Ursachen
Nierenbeckenentzündung (Pyelonephritis)

Pathogenese (Krankheitsentstehung)

Die häufigste Ursache der akuten Pyelonephritis ist die aszendierende (aufsteigende) Infektion, daneben kommt es bei vesikouretralem Reflux (unphysiologischer Rückfluss von Harn aus der Blase über die Harnleiter in das Nierenbecken) gehäuft zu Pyelonephritiden. Auch eine hämatogen-deszendierende (über den Blutweg aufsteigend) Entstehung ist möglich.
Häufige Erreger sind E. coli, P. mirabilis oder Klebsiellen.
Es handelt sich um eine granulozytäre Entzündung (eitrige Entzündung) mit Gewebsnekrosen (Absterben von Gewebe). Es sind hauptsächlich die Tubuli (Nierenkanälchen) betroffen.

Bei der chronischen Pyelonephritis kommt es zu entzündlich bedingten Veränderungen (Narbenbildung, Deformierung) der Niere, die die Entwicklung einer Niereninsuffizienz (Nierenschwäche) fördern.

Weitere – jedoch seltenere – Infektionswege sind:

  • Hämatogen – z. B. bei einer Sepsis (Blutvergiftung)
  • Lymphogen

Mögliche Erreger einer Pyelonephritis sind:

  • Uropathogene Escherichia coli (UPEC) (E. coli) – in 75-80 % der Fälle (ambulant erworbene Harnwegsinfektion (HWI))
  • Staphylokokken (Staphylococcus saprophyticus)
  • Klebsiellen (Klebsiella pneumoniae)
  • Proteus mirabilis
  • Enterokokken (am häufigsten bei Mischinfektion)
  • Enterobacter
  • Pseudomonas
  • Salmonellen (0,5 % aller HWI– Patient hat in solchen Fällen im Regelfall vorher eine Darminfektion gehabt
  • Weitere atypische Erreger, z. B. Ureaplasmen, Mykoplasmen

Ätiologie (Ursachen)

Biographische Ursachen

  • Genetische Belastung
    • Genetische Erkrankungen
      • Sichelzellenanämie (med.: Drepanozytose; auch Sichelzellanämie, engl.: sickle cell anemia) – genetische Erkrankung mit autosomal-rezessivem Erbgang, die die Erythrozyten (rote Blutkörperchen) betrifft; sie gehört zur Gruppe der Hämoglobinopathien (Störungen des Hämoglobins; Bildung eines irregulären Hämoglobins, dem sogenannten Sichelzellhämoglobin, HbS)
  • Anatomische Besonderheiten – beispielsweise Hufeisenniere, doppelte Harnleiteranlage, Zystennieren
  • Jugendliches Alter bei der ersten Harnwegsinfektion
  • Hormonelle Faktoren – Gravidität (Schwangerschaft)

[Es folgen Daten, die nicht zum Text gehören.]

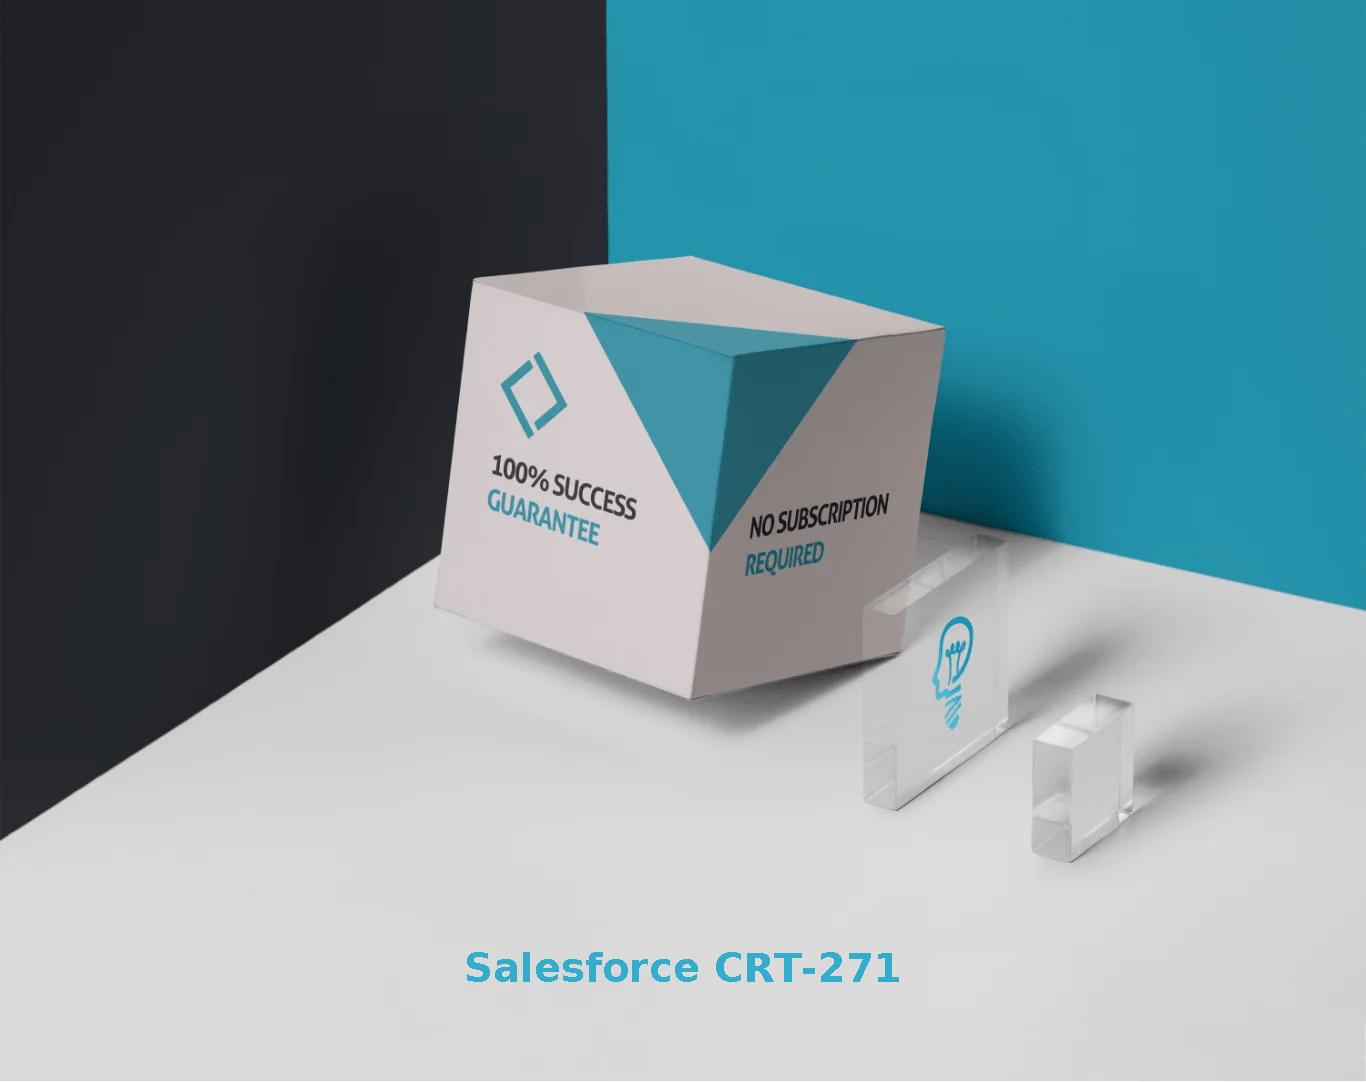 Salesforce CRT-271 Exams
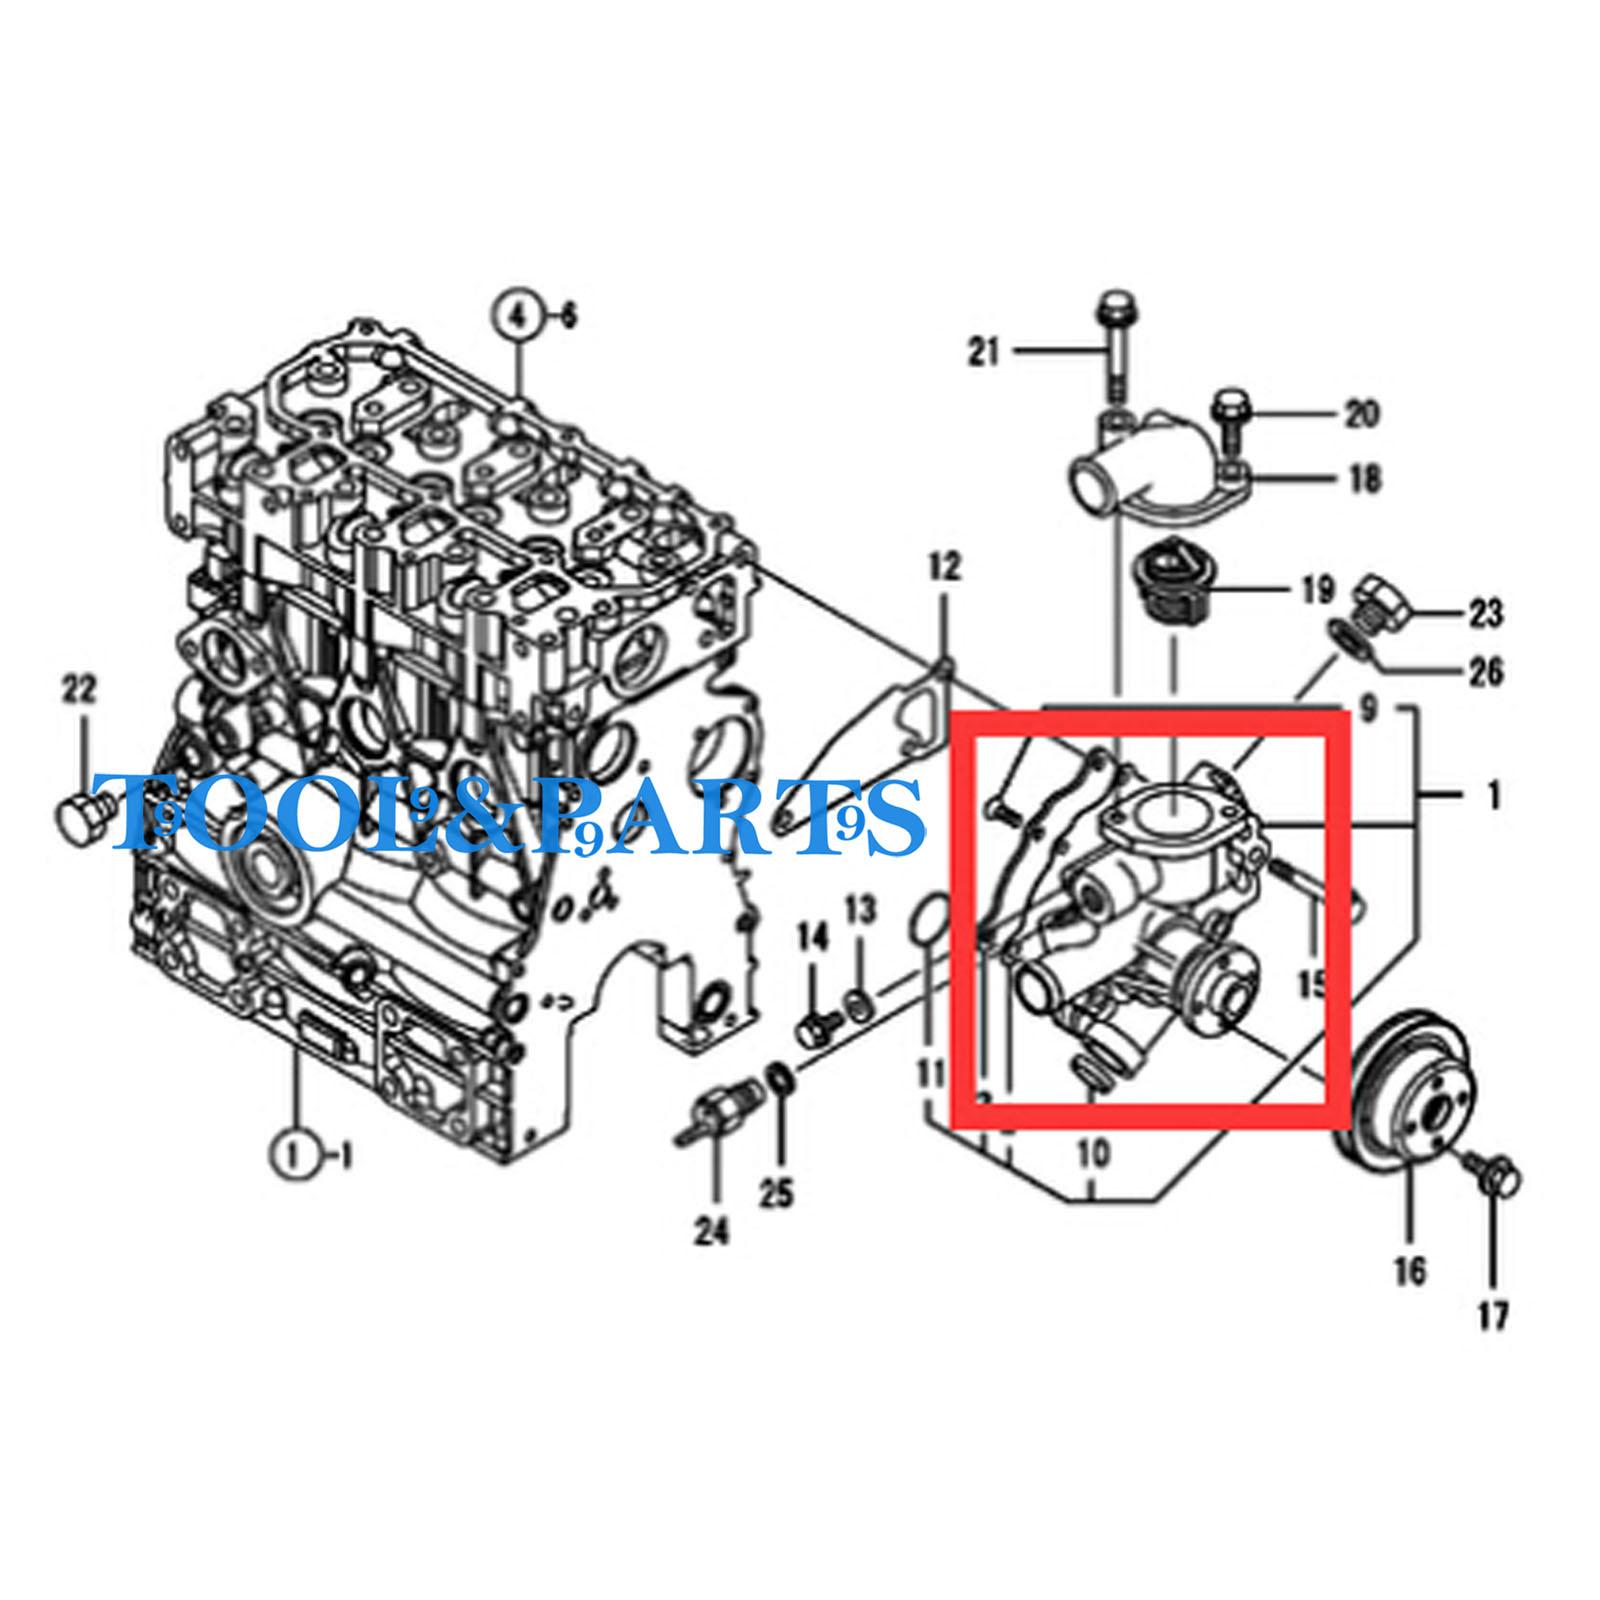 hight resolution of details about water pump for yanmar engine 3tnv70 xmhs 3tnv70 xhbt 3tnv70 xhb

Verhaltensbedingte Ursachen

  • Ernährung
    • Mikronährstoffmangel (Vitalstoffe) – siehe Prävention mit Mikronährstoffen
  • Benutzung von Scheidendiaphragmen und Spermiziden – hierdurch wird die normale bakterielle vaginale Flora (Mikrobiota) verändert, sodass es zu einem Anstieg des Bakteriums E. coli – Escherichia coli – in der Vagina (Scheide) kommen kann, was mit einem erhöhten Risiko für eine Zystitis* (Blasenentzündung) verbunden ist
  • Sexuelle Aktivität – durch Koitus können Bakterien in die Blase gelangen und eine Zystitis* verursachen (= zeitnaher Geschlechtsverkehr). Eine Miktion postkoital (Wasserlassen nach dem Geschlechtsverkehr) kann das Risiko vermindern, da hierdurch eventuell vorhandene Bakterien wieder ausgespült werden. Weiterhin sollte der männliche Partner auf eine ausreichende Hygiene achten.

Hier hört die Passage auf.